Data below:

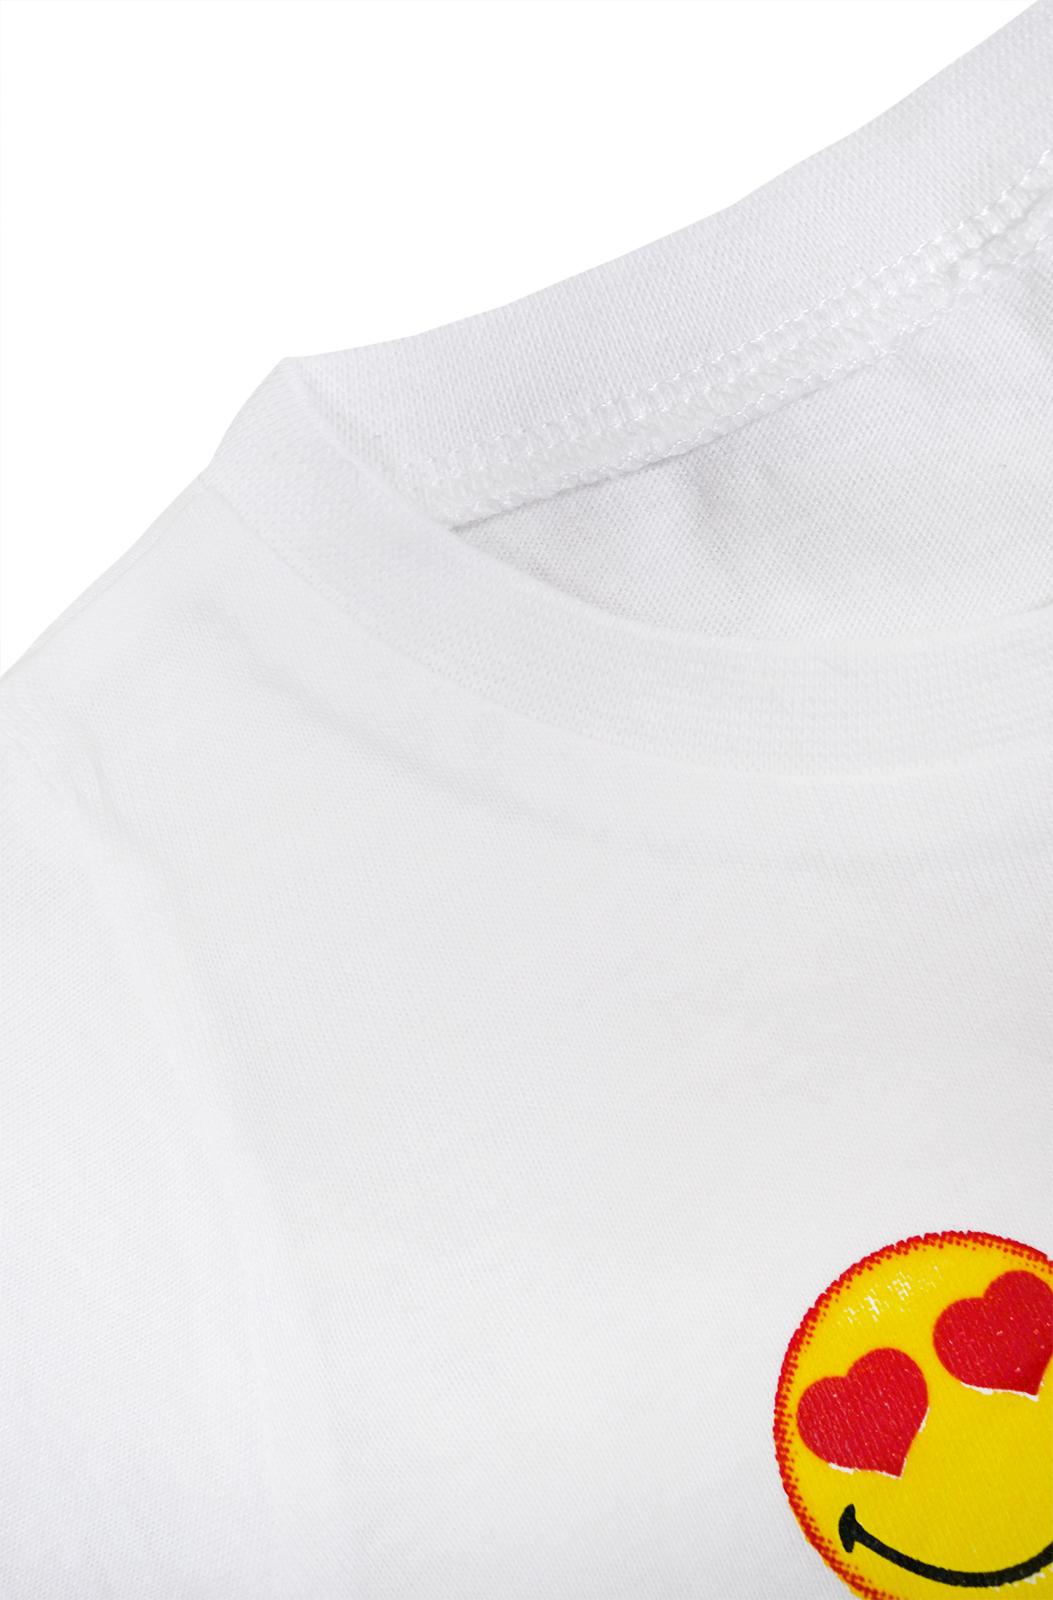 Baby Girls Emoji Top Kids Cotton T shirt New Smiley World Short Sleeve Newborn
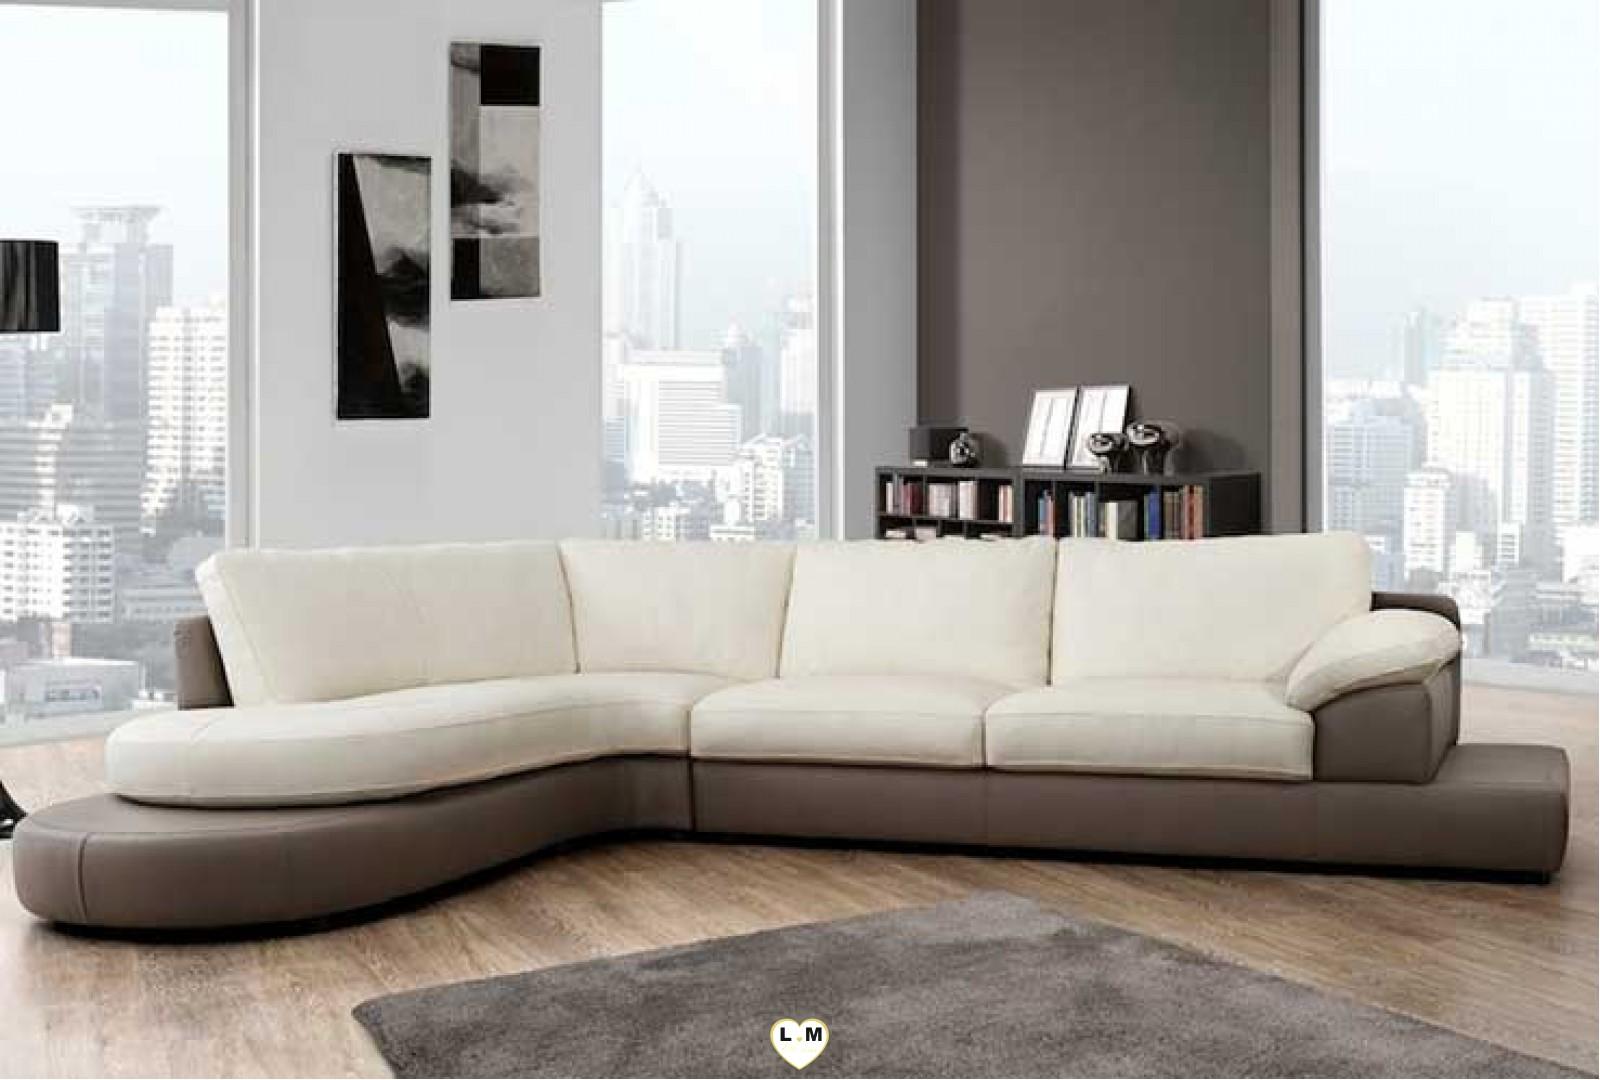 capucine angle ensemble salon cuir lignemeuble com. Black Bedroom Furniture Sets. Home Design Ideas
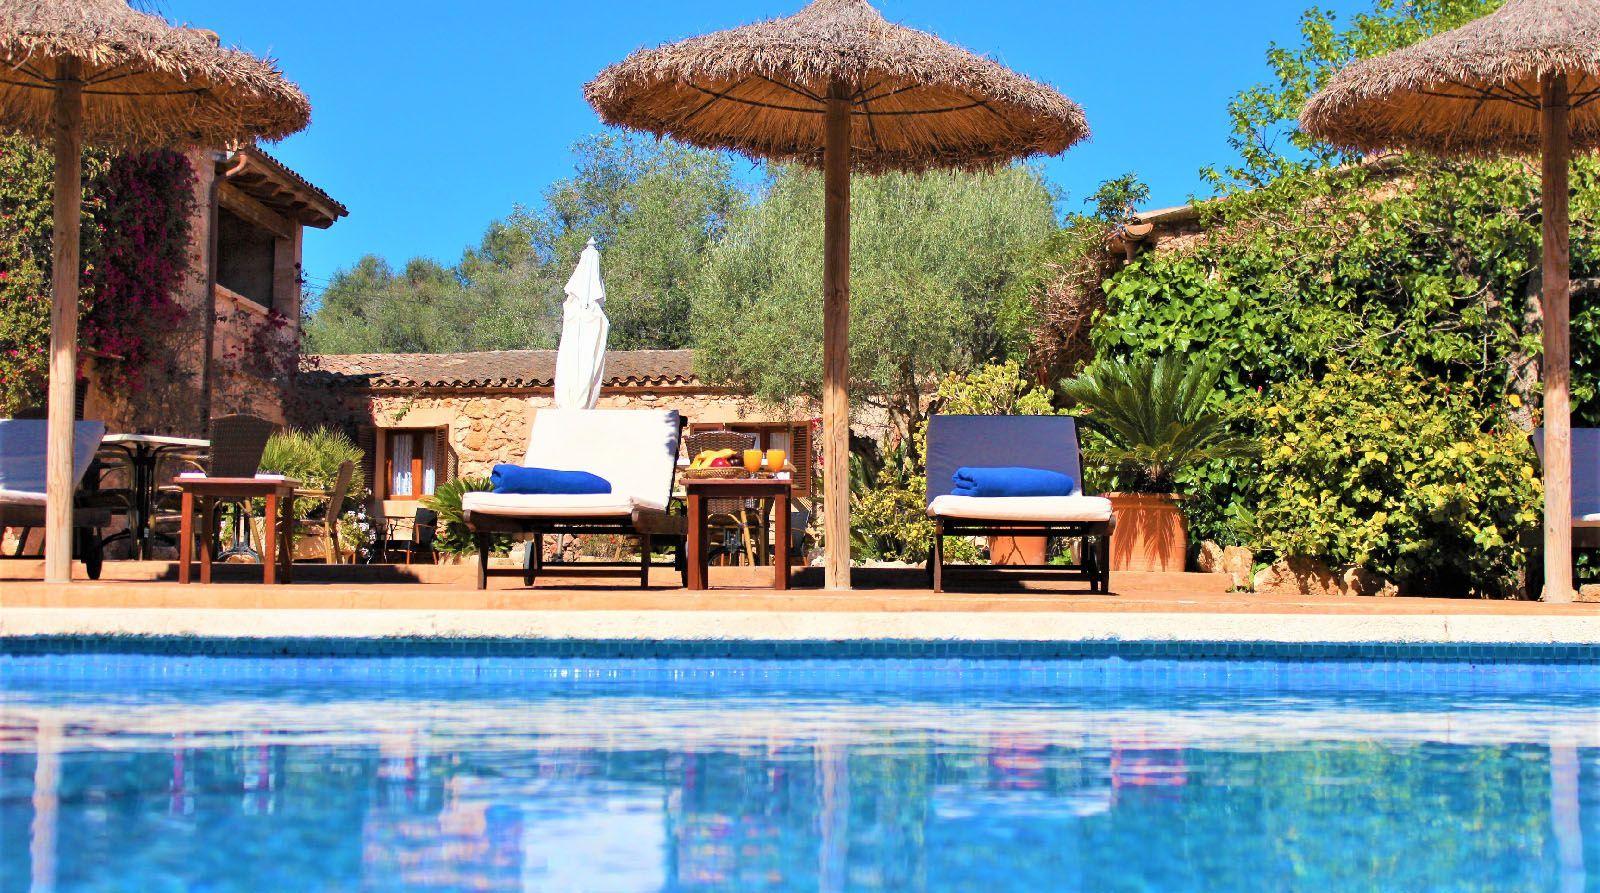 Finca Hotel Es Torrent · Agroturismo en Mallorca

About this exercise: Reproduce the data above exactly, leaving out any picture in it.

Exercise output:
 Baby Girls Emoji Top Kids Cotton T shirt New Smiley World Short Sleeve Newborn
 capucine angle ensemble salon cuir lignemeuble com. Black Bedroom Furniture Sets. Home Design Ideas
 Finca Hotel Es Torrent · Agroturismo en Mallorca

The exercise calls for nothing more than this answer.